(Beginning of Recorded information)

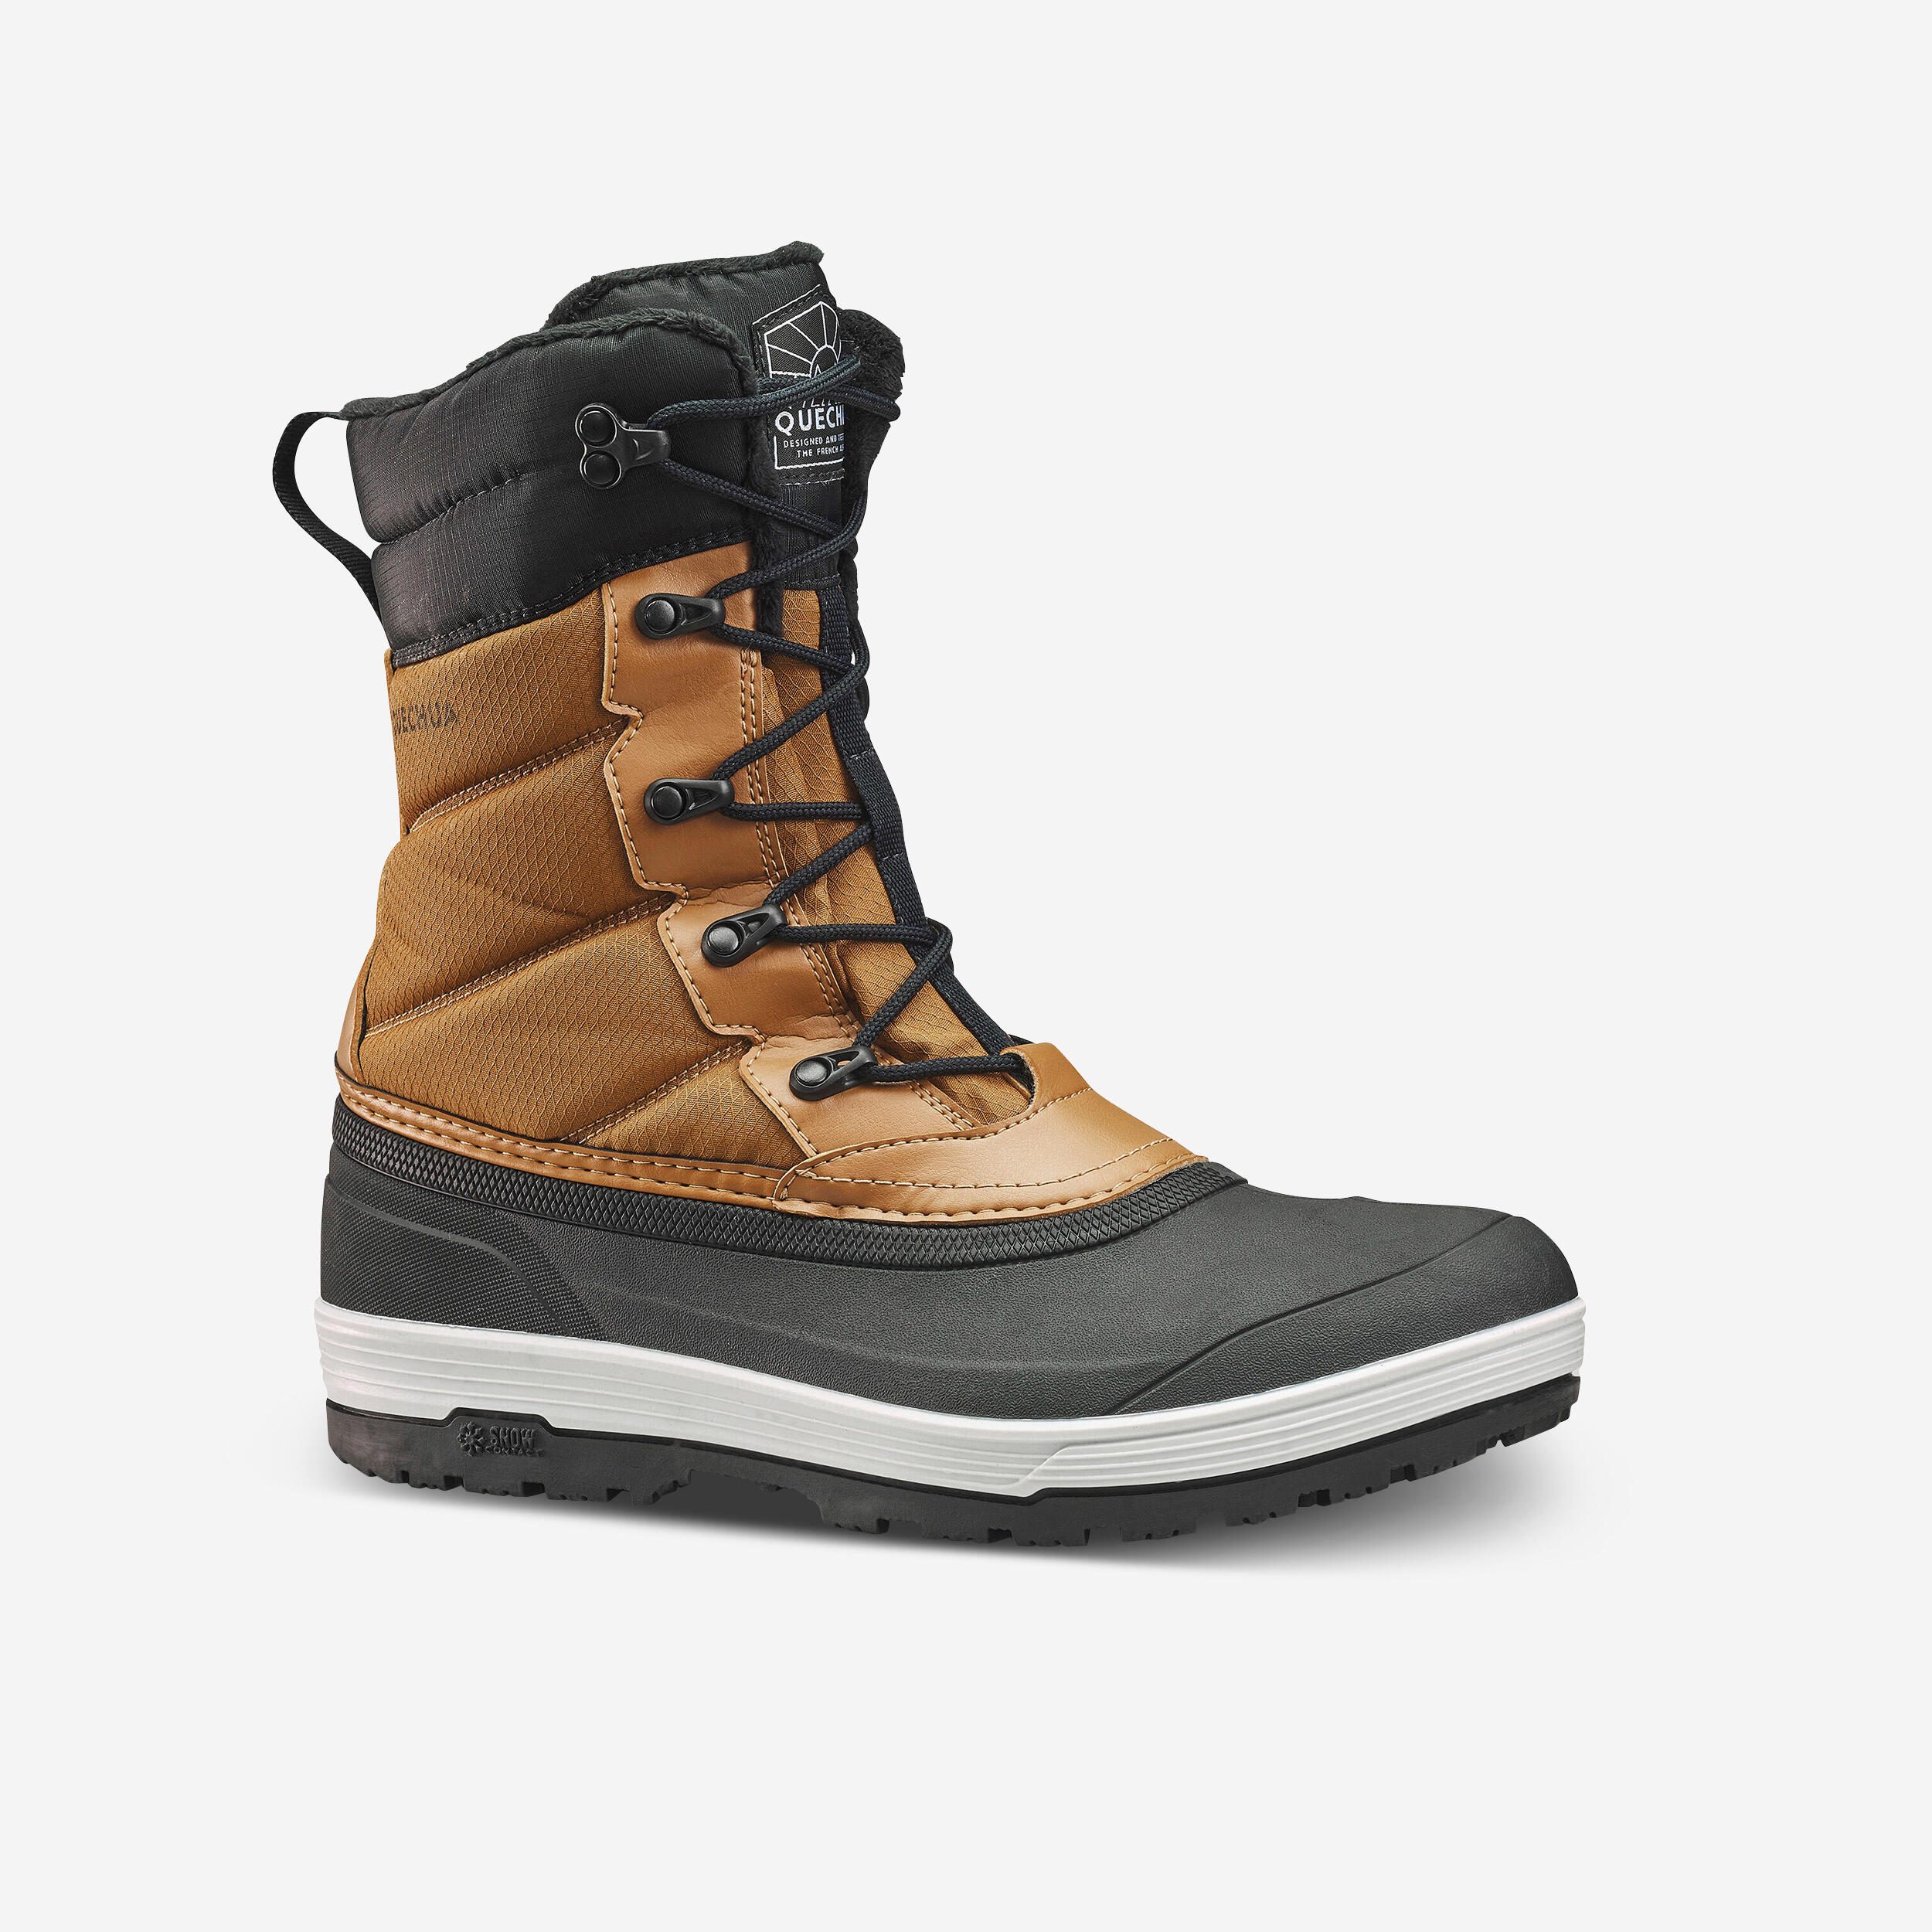 Warm Waterproof Snow Boots  - SH500 lace-up -  Men’s 1/9
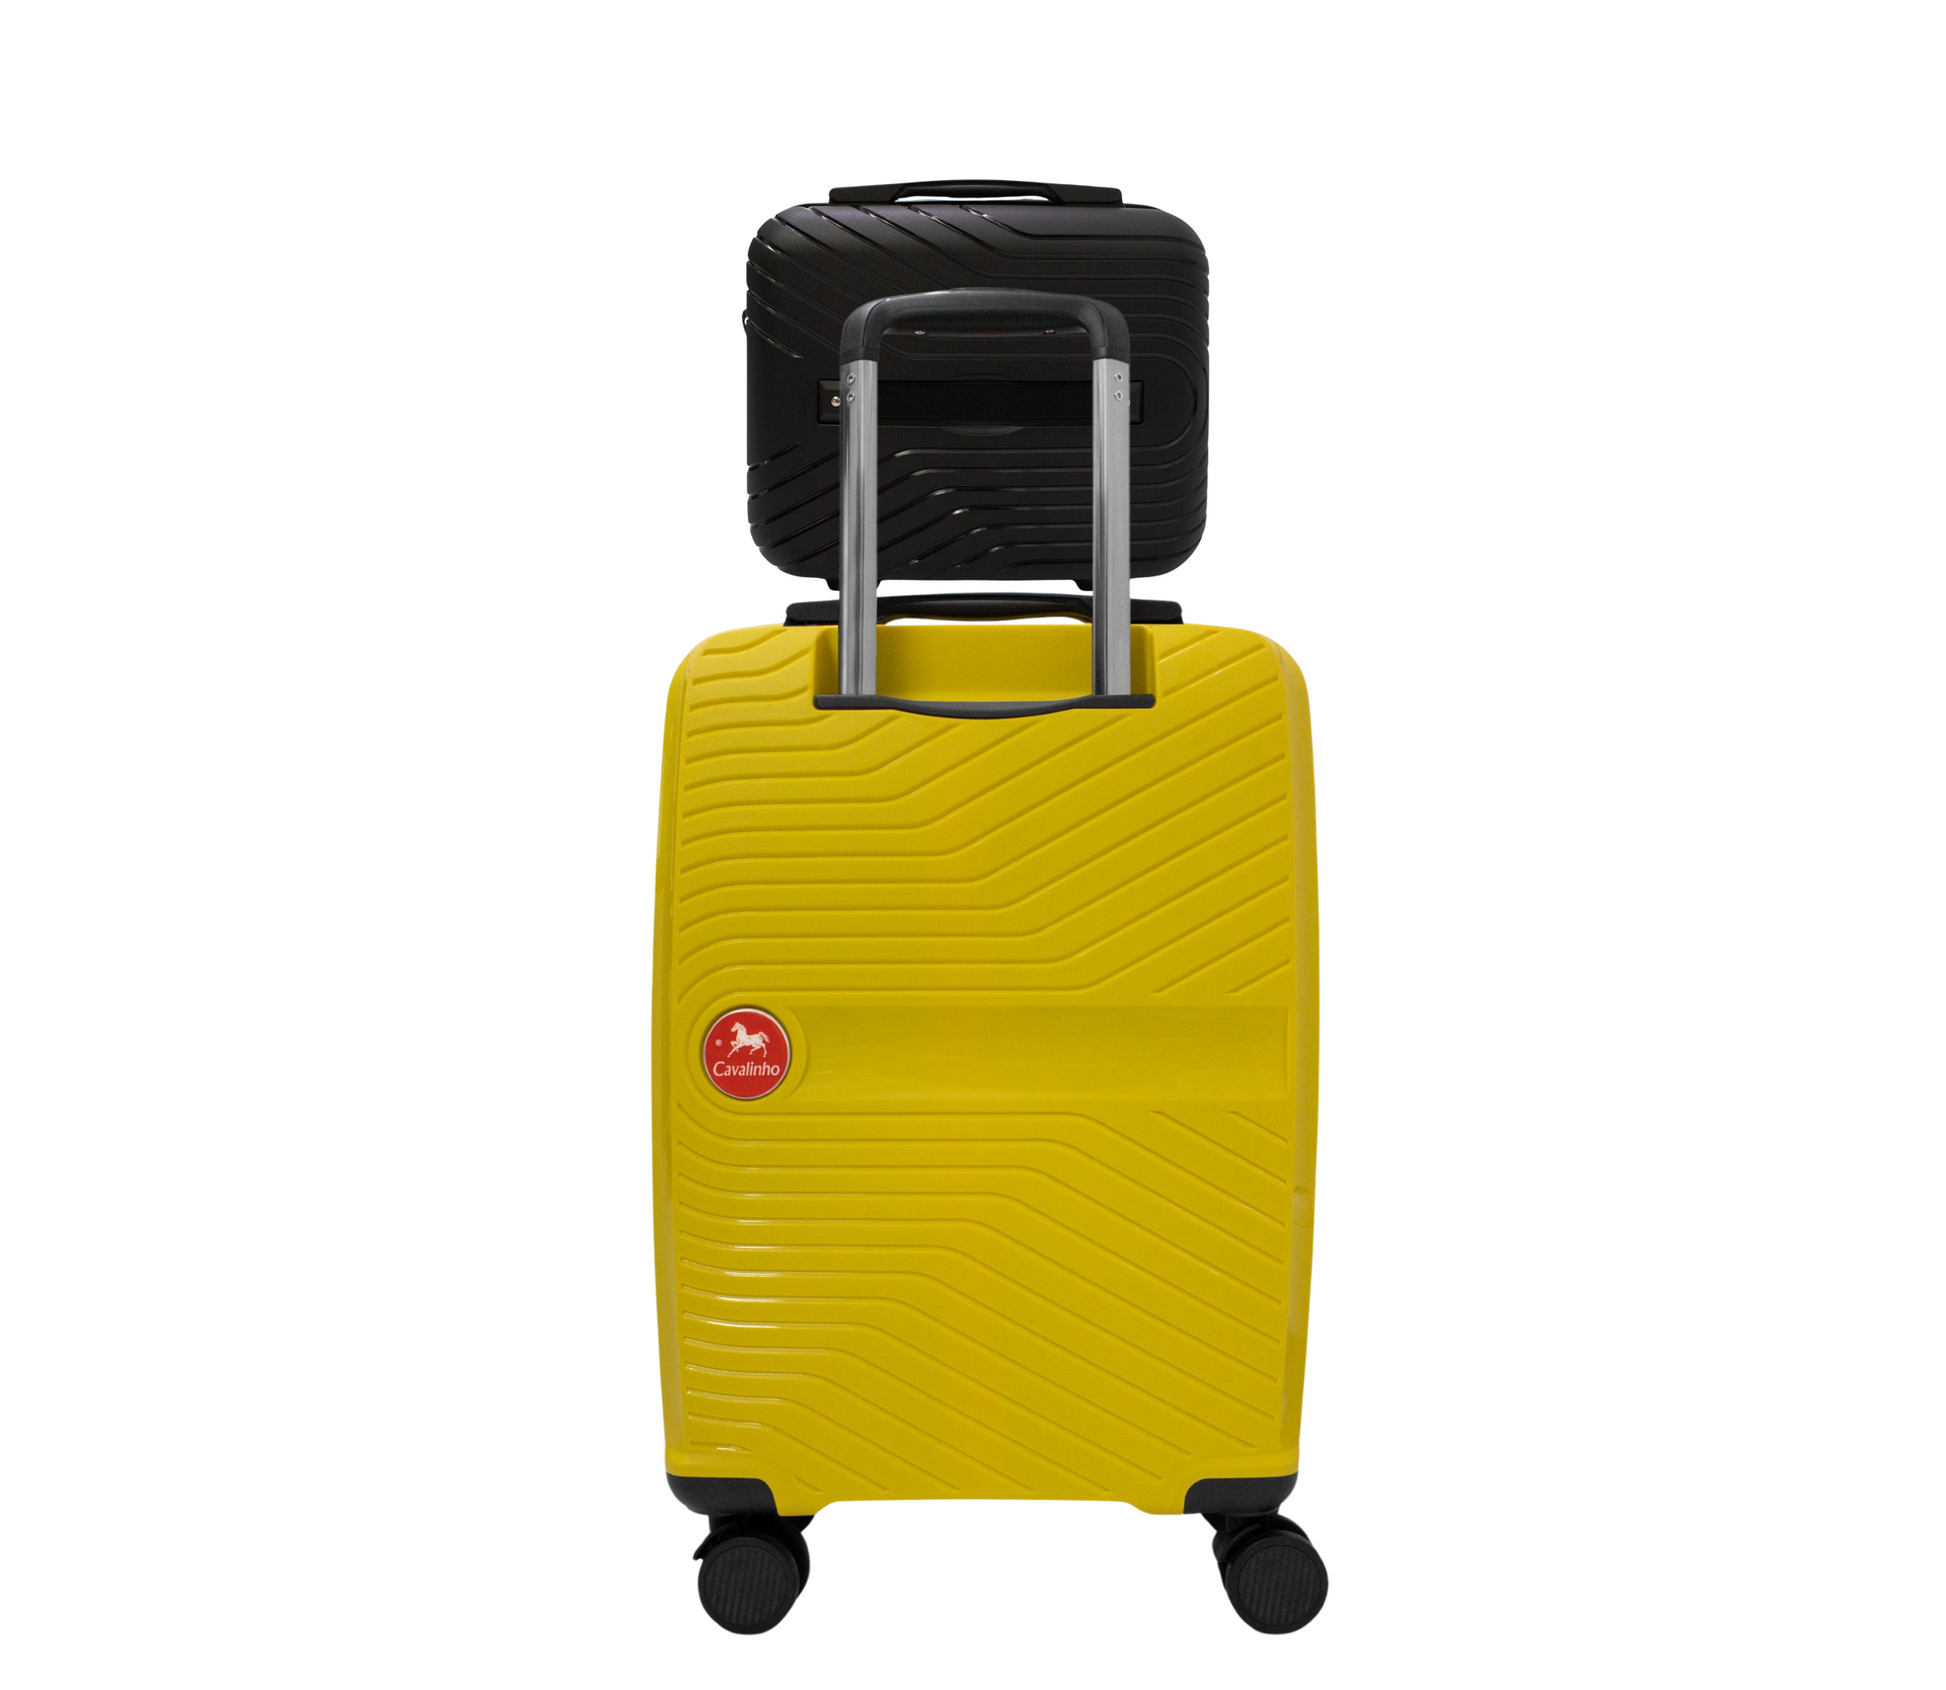 Cavalinho Colorful 2 Piece Luggage Set (15" & 19") - Black Yellow - 68020004.0108.S1519._2
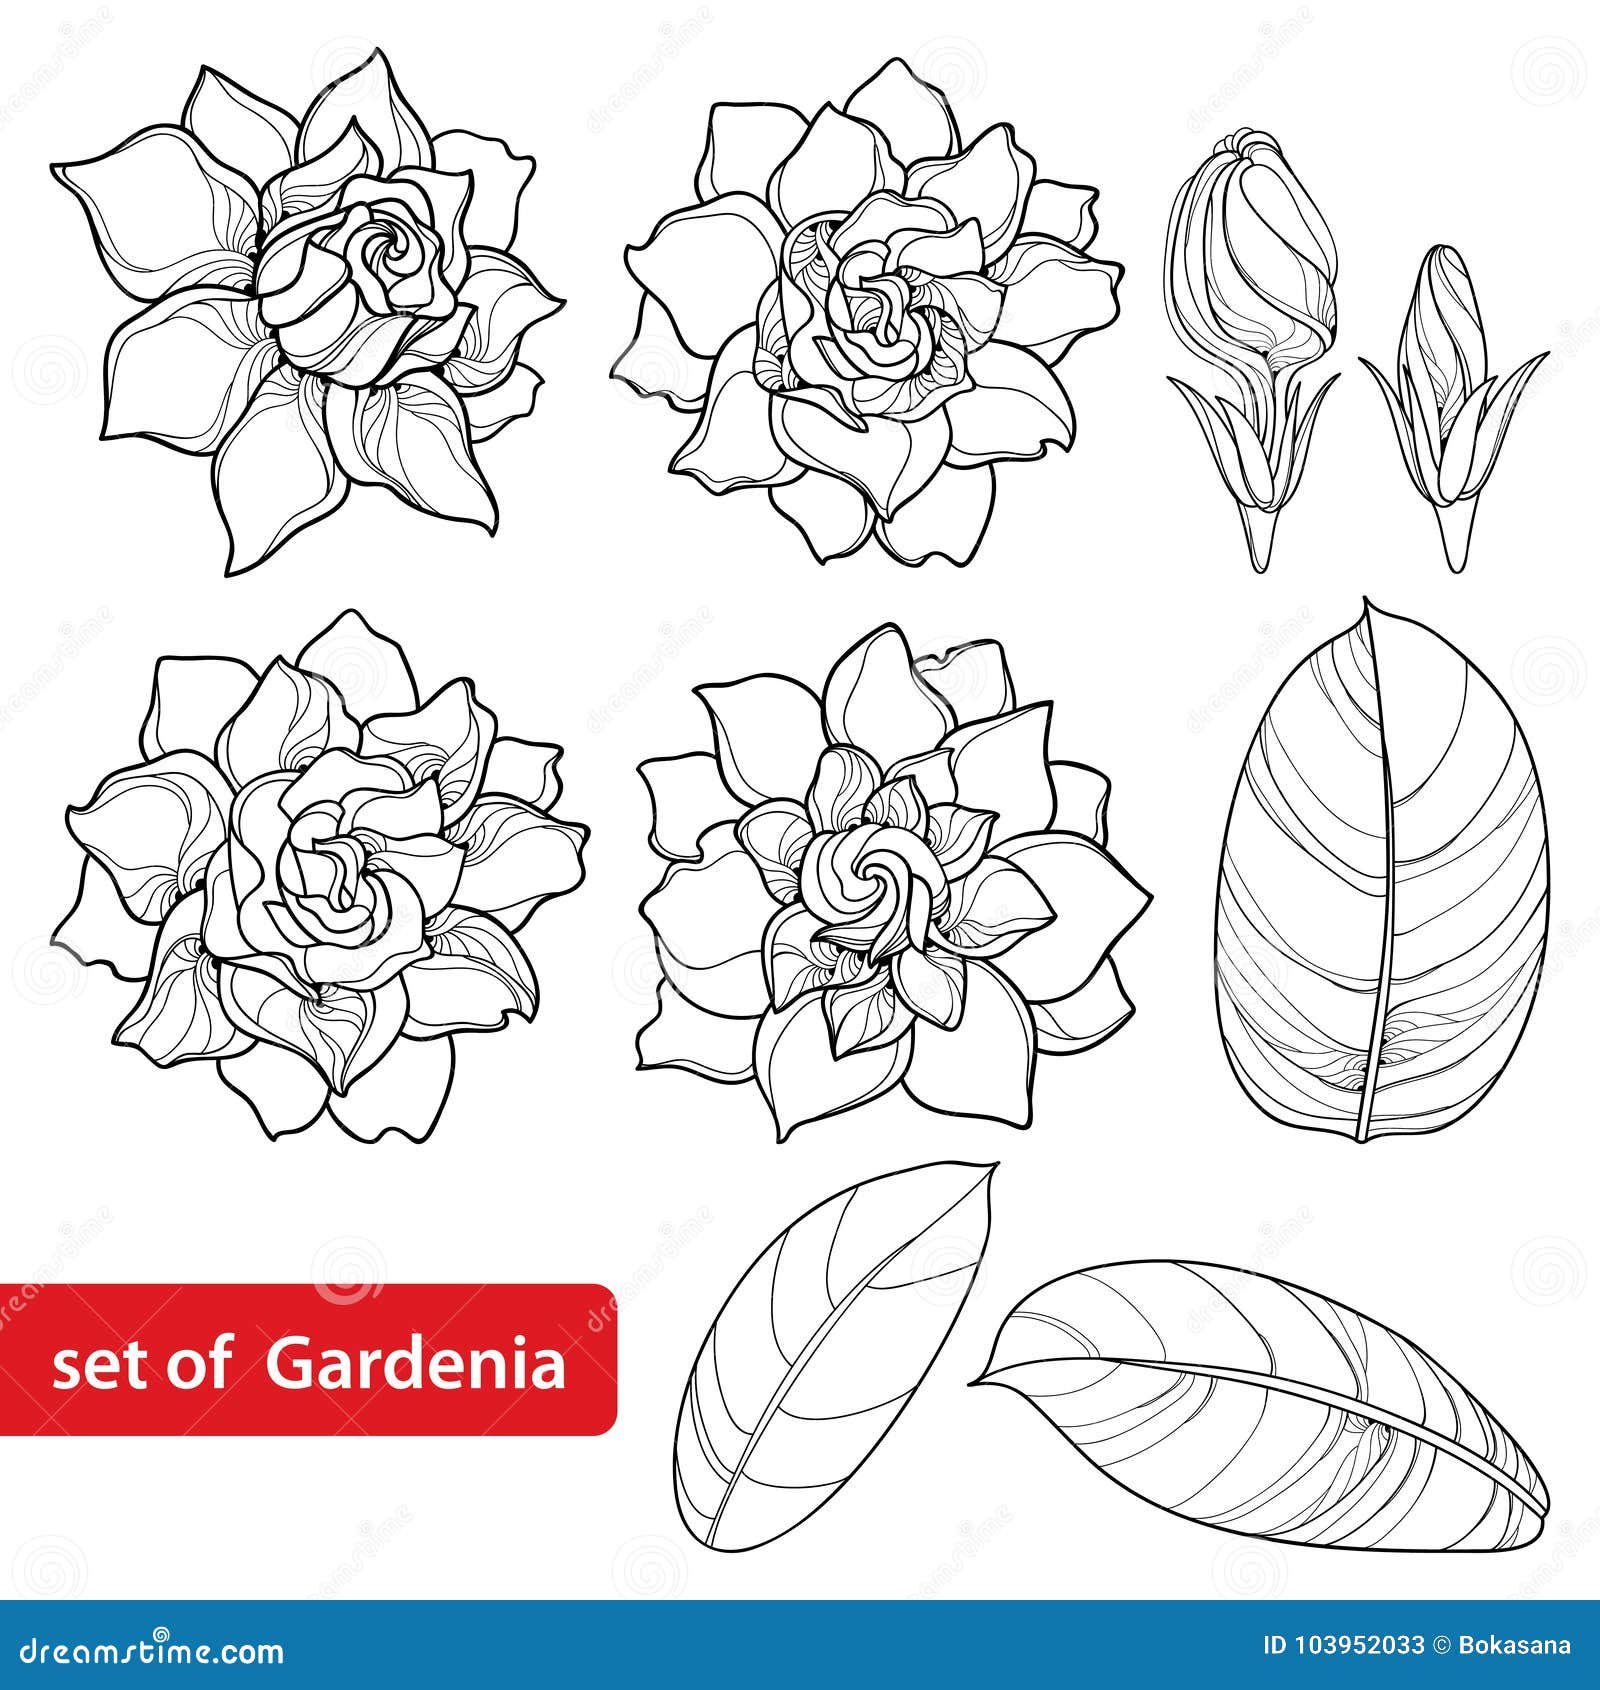 Gardenia tattoo 2 by Smaragdia on DeviantArt

(End of Recorded information)

> [Exercise directions]
Repeat, exactly and in full, all the material above except its pictures.

> [Written solution]
 Warm Waterproof Snow Boots  - SH500 lace-up -  Men’s 1/9
 Cavalinho Colorful 2 Piece Luggage Set (15" & 19") - Black Yellow - 68020004.0108.S1519._2
 Gardenia tattoo 2 by Smaragdia on DeviantArt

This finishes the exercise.